# What you should do
Extract, exactly and without pictures, every line from the one that includes "Antique map titled 'Horna vulgo Hoorn'." through the final line of the material below.

# Information shown

Content starts

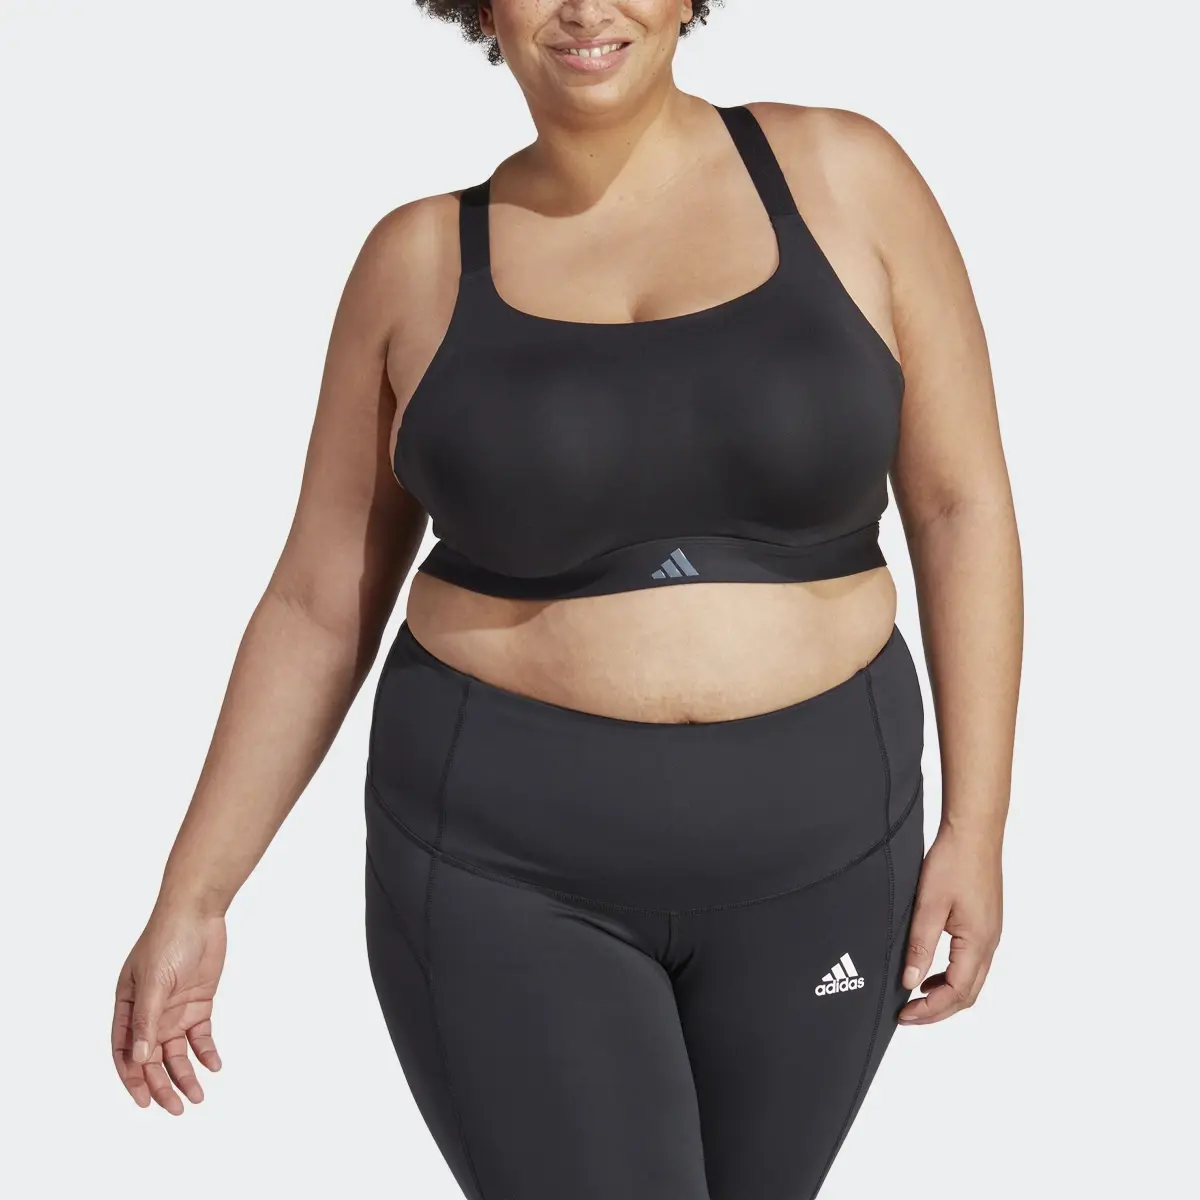 Adidas Tailored Impact Luxe Training High-Support Bra (Plus Size). 1
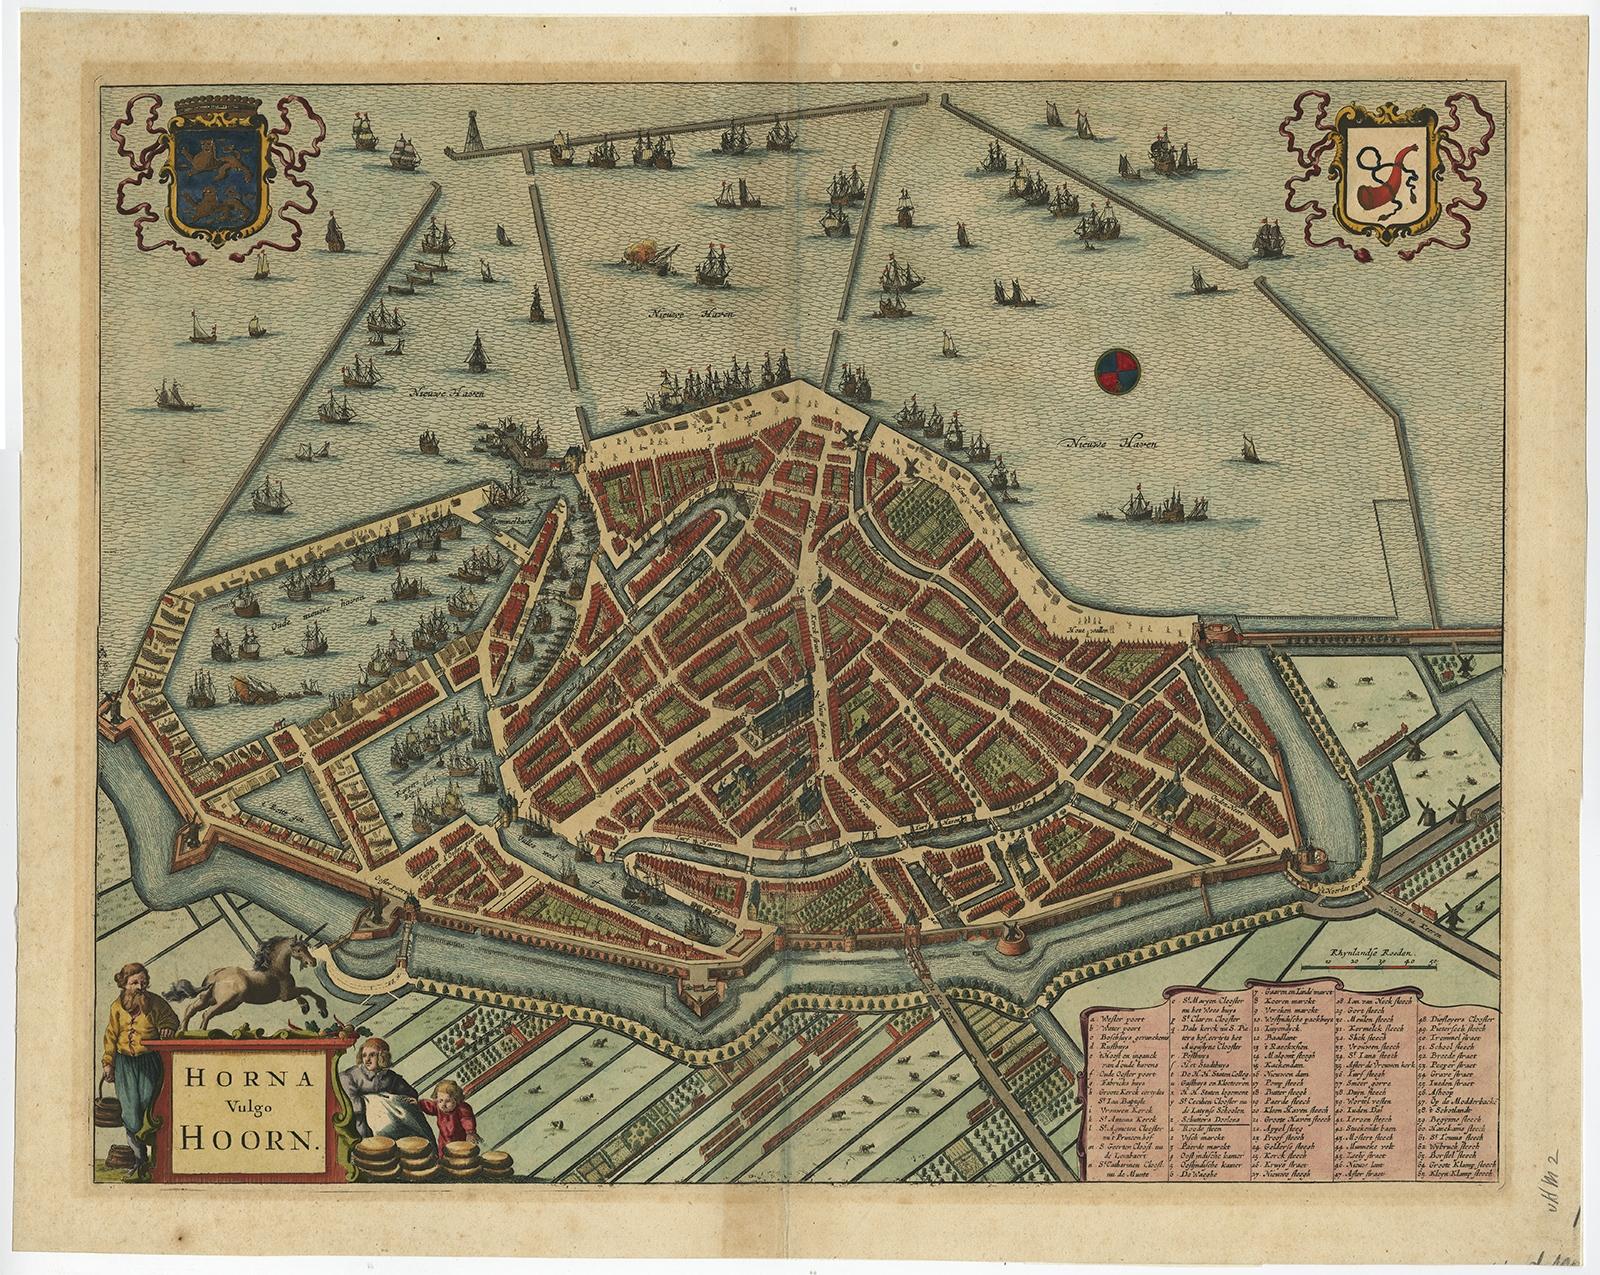 Antique map titled 'Horna vulgo Hoorn'. 

Bird's eye view plan of Hoorn, The Netherlands. With title cartouche, coats of arms and key. From an atlas published by De Wit, ca. 1698-1710 State: 2ns state, with the scalebar in the lower right. Ref:

Content ends

# Answer section
 Antique map titled 'Horna vulgo Hoorn'. 

Bird's eye view plan of Hoorn, The Netherlands. With title cartouche, coats of arms and key. From an atlas published by De Wit, ca. 1698-1710 State: 2ns state, with the scalebar in the lower right. Ref:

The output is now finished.